II. QUESTÃO EM DISCUSSÃO
2. Há duas questões em discussão: (i) definir se a ausência de comprovação da contratação pelo banco enseja a devolução em dobro dos valores descontados; e (ii) analisar a necessidade de majoração da indenização por danos morais.
III. RAZÕES DE DECIDIR
3. Nulidade do Contrato e Inversão do Ônus da Prova: Configurada a relação de consumo, com base no art. 6º, VIII, do Código de Defesa do Consumidor (CDC), e reconhecida a hipossuficiência da parte autora, é devida a inversão do ônus da prova em seu favor. A instituição financeira não comprovou a existência de contrato válido que autorizasse os descontos mensais realizados na conta bancária da autora.
4. Devolução em Dobro dos Valores Descontados: A ausência de comprovação de autorização para os descontos, somada à prática de cobrança indevida, caracteriza má-fé da instituição financeira, nos termos do art. 42, parágrafo único, do CDC, impondo a devolução em dobro dos valores indevidamente descontados.
5. Danos Morais e Majoração do Quantum: A prática abusiva da instituição financeira, ao realizar descontos indevidos sem contrato formal, gerou dano moral pela angústia e constrangimento causados à autora, uma pessoa idosa.
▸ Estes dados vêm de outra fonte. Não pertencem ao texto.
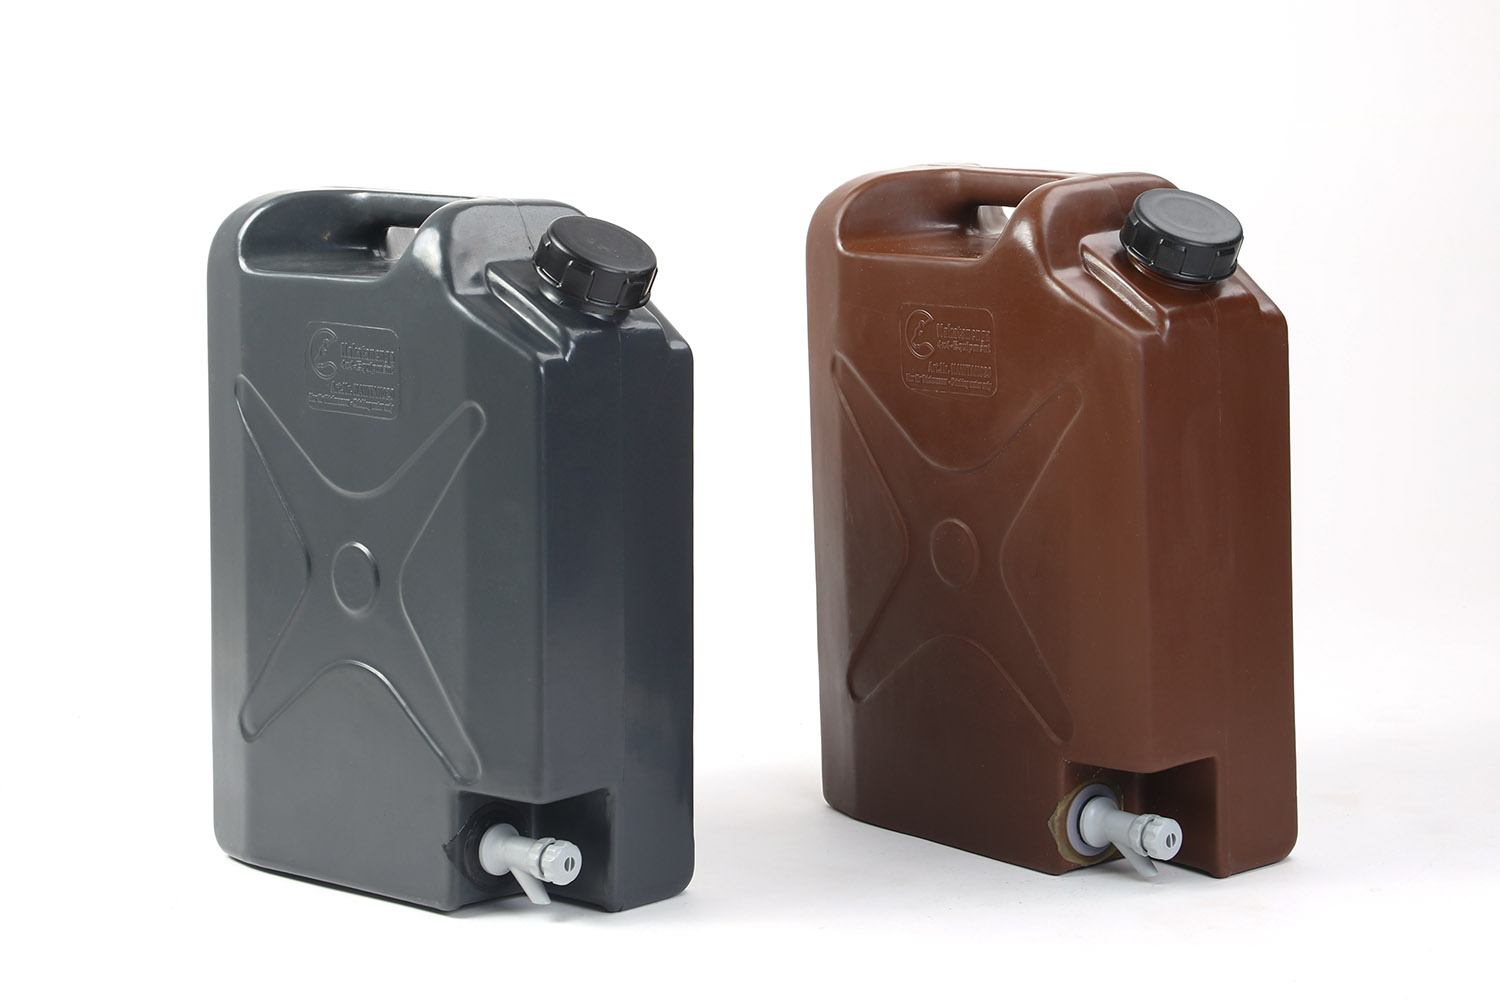 3x Wasserkanister ECO 20 Liter mit Rohr 3er Set Kanister Camping Wassertank  NEU

Observando os princípios da proporcionalidade e razoabilidade, e o caráter pedagógico da indenização, o valor de R$ 5.000,00 (cinco mil reais) é considerado adequado e proporcional para compensar os danos morais sofridos.
IV. DISPOSITIVO E TESE
6. Recurso de apelação da parte autora provido para majorar o valor da indenização por danos morais para cinco mil reais (R$ 5.000,00).
Tese de julgamento: 1. A ausência de contrato formal e de autorização para descontos em conta bancária impõe a nulidade da contratação e a restituição em dobro dos valores descontados. 2. A prática de descontos indevidos em benefício previdenciário configura dano moral, e o quantum indenizatório deve atender aos princípios da proporcionalidade e razoabilidade, fixando-se em R$ 5.000,00 nos casos análogos.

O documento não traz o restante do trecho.